The Rangers eventually found the real guns about a mile away and destroyed 5 out of 6 of them.  Vastly outnumbered by the Germans surrounding them, they held Pointe du Hoc from repeated attacks until the Americans were able to get there a couple days later.  This is only one of the many amazing stories from D-Day.  One thing is for sure, the Rangers were a bunch of bad asses.  

Craters from the Allied bombs.

The cliffs still have the barb wire.

A little intimidating if you're looking up from the bottom of the cliff.

These fields are where many paratroopers of the 82nd Airborne Division lost their lives.  Much of the year these fields are completely flooded, even if only with a few feet of water.  When the paratroopers landed in the water a lot of them couldn't get their parachutes and gear off fast enough...and drowned.

The La Fiere Bridge.  

The takeover and protection of the La Fiere Bridge was absolutely vital to the campaign in Normandy.  The fields were completely flooded at the time, which only added to the importance of the bridge.  Some of the most intense battles in all of the Normandy invasion took place right here.  It has been described as "the bloodiest small struggle in the experience of American arms".  That's saying something.  

Iron Mike, still watching over the bridge.


Utah Beach.

Notice the paratrooper?

The Angoville-au-Plain chapel.

This church in the small town of Angoville-au-Plain played a huge significance in the invasion.  It's famous for the two American medics who landed in the field near by and set up a make shift hospital in the only shelter they could find- this church.  Fighting was going on all around them in the fields, and there were no healthy men to guard the church from the Germans.  The two medics, Bob Wright and Ken Moore, treated more than eighty plus U.S. soldiers and even a local child from the village.  Only two men died.
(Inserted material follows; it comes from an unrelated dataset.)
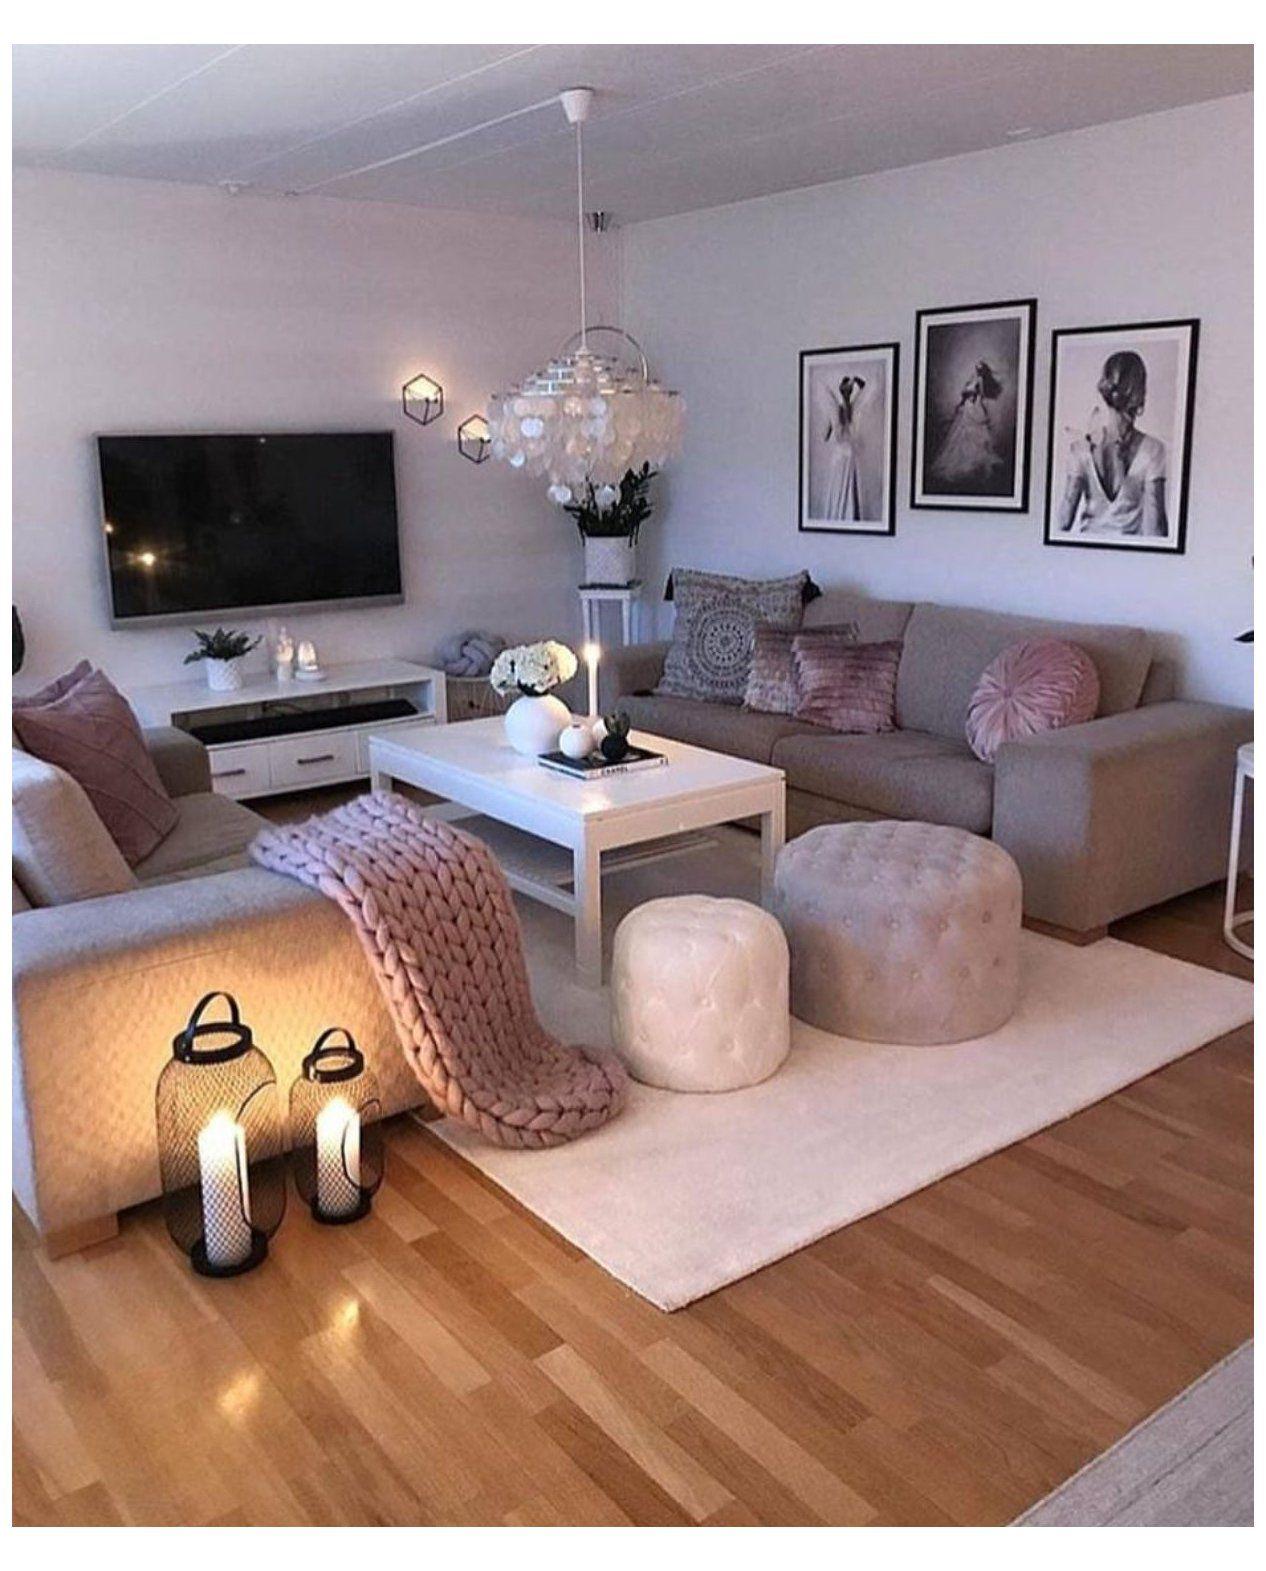 Warm Cosy Living Room Warmcosylivingroom Affirmations Living Room Decor Apartment Small Apartment Living Room Apartment Living Room Warm living room decor

Imagine this for two seconds-- you are holed up in this church with no communication and no knowledge of what the hell is going on.  You hear bombs and gunfire going on all around you.  Any second your shelter could be stormed by German soldiers...or a bomb could crash through the roof.  Nerve racking to say the least...

But here's the crazy part...these two medics treated several German soldiers as well.  The medics didn't care who you were or what uniform you were wearing, as long as you left your guns at the door.  That, is incredible.  It's absolutely crazy that that much respect was given to this church by both sides.  A small miracle in the midst of all the chaos.  

The church is now abandoned and only opened up to be used as a tourist attraction.

That is an actual blood stain from a wounded soldier.

Back in Bayeux after a looooong day on the beaches.  We were tired, wet, and cold- which added to the ability to empathize with those soldiers (but not really).  We went back to the hotel and then got a quick bite to eat in the town.  We would be off to Mont St. Michel in the morning.

The best duck I've ever had in my tender and so juicy.  Perfection.

(Sorry about all these shots of the church...just couldn't help myself.)

Our last night in Bayeux.  I will be back at some point!


  1. thank you for sharing these photos and your thoughts...

    1. No problem...thanks for reading John.